The importance of Dr. Saket's testimony was demonstrated further in the record in the juvenile court's announcement of its decision sustaining the allegations of the amended petition. The court recited in its reasoning that Dr. Albin, working in consultation with a multidisciplinary team of physicians that included Dr. Saket, concluded that meningitis had not caused the minor's head injuries. The court also found Dr. Saket's education and experience to have been superior to the credentials of Dr. Gootnick and Dr. Gabaeff, and it concluded Dr. Saket's "command of the MRI while expressing his opinion[s] . . . was impressive and unmatched by any of the other medical experts called to testify in this case." Additionally, the court found Dr. Saket to have been "credible and reliable in his opinion[s] and formed a strong foundation for Dr. Albin's opinions." And based upon the testimony of Dr. Albin, the court concluded that the Department had presented a prima facie case that the minor came within the meaning of section 300, subdivisions (a) and (b), thereby shifting the burden of producing evidence that parents were required to raise an issue as to the actual cause of the minor's injuries. (See § 355.1, subd. (a); see In re A.S. (2011) 202 Cal.App.4th 237, 243 [if agency meets its showing under § 355.1, subd. (a), the statutory presumption " 'shifts to the parents the obligation of raising an issue as to the actual cause of the injury or the fitness of the home' "].)
We conclude—employing either the Chapman beyond a reasonable doubt standard or the In re Denny H., supra, 131 Cal.App.4th 1501 clear and convincing evidence standard—that the exclusion of Dr. Barnes's surrebuttal testimony was prejudicial. Based upon the circumstances of this case, including the importance of the medical evidence in general and Dr. Saket's testimony in particular, Dr. Barnes's testimony in response to Dr. Saket's opinions could have been of considerable benefit to the trier of fact. Moreover, particularly in light of the complexity of the medical issues in the case, affording mother the opportunity to present surrebuttal evidence could have facilitated mother's efforts to meet her burden, as shifted pursuant to section 355.1, subdivision (a), " 'of raising an issue as to the actual cause of the [minor's] injury.' " (In re A.S., supra, 202 Cal.App.4th at p. 243.) The exclusion of the surrebuttal evidence was thus not harmless error.

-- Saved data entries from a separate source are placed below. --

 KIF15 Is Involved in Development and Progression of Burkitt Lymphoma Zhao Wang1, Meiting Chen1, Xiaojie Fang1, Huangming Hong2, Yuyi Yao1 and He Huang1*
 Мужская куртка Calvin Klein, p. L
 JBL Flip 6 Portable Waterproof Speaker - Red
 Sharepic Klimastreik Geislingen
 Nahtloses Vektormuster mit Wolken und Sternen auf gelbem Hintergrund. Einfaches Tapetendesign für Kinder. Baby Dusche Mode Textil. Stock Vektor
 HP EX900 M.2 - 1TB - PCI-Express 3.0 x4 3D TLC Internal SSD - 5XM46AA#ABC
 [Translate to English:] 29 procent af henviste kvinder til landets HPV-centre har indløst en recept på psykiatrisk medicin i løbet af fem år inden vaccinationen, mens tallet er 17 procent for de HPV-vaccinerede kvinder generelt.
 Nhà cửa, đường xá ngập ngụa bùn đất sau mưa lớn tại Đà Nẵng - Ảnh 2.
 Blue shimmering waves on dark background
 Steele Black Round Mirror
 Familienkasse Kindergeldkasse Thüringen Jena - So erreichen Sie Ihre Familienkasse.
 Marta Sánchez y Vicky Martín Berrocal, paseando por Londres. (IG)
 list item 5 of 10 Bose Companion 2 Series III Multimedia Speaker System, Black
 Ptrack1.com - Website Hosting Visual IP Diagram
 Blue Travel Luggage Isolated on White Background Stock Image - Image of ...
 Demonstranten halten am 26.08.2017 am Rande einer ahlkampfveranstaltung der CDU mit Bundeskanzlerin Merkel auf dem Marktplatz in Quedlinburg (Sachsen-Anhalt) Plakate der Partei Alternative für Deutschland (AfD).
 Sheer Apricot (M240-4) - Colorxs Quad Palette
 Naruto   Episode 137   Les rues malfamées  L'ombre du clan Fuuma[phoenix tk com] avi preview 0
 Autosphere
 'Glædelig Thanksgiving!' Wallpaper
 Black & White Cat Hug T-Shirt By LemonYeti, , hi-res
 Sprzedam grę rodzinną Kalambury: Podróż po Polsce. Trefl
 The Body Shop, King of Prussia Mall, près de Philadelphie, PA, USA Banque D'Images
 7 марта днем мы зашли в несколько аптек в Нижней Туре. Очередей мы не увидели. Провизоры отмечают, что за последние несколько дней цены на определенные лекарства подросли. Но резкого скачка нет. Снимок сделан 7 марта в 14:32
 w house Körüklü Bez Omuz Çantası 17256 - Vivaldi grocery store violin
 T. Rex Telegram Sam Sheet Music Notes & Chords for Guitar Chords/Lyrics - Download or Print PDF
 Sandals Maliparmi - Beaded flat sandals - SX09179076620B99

Because we conclude that mother should have been permitted to call Dr. Barnes as a surrebuttal expert witness and the error was prejudicial, we need not address parent's alternative argument that the court erred by denying mother's motion to strike the testimony of Dr. Saket. (Benach v. County of Los Angeles (2007) 149 Cal.App.4th 836, 845, fn. 5 [appellate courts will not address issues whose resolution is unnecessary to disposition of the appeal]. --------
As the extensive discussion of the evidence presented above demonstrates, complex medical issues predominated in this lengthy hearing. Central to determining whether the minor was a child described under subdivisions (a), (b), and (e) of section 300 was the resolution of complex and conflicting expert testimony. From our careful review of the record, we conclude that Dr. Saket, as a rebuttal witness, offered both proper rebuttal evidence as well as new opinions and evidence for which surrebuttal expert testimony from Dr. Barnes was appropriate. As part of parents' right to a full and fair opportunity to present all competent, relevant and material evidence in support of their position, they should have been permitted to present Dr. Barnes's surrebuttal testimony. Because we cannot conclude that this error was harmless, we must reverse. Again, we express no opinion concerning the merits of the issues to be resolved by the juvenile court in the jurisdiction hearing.
The disposition order of August 23, 2017, and the underlying jurisdiction order of August 3, 2017, are reversed.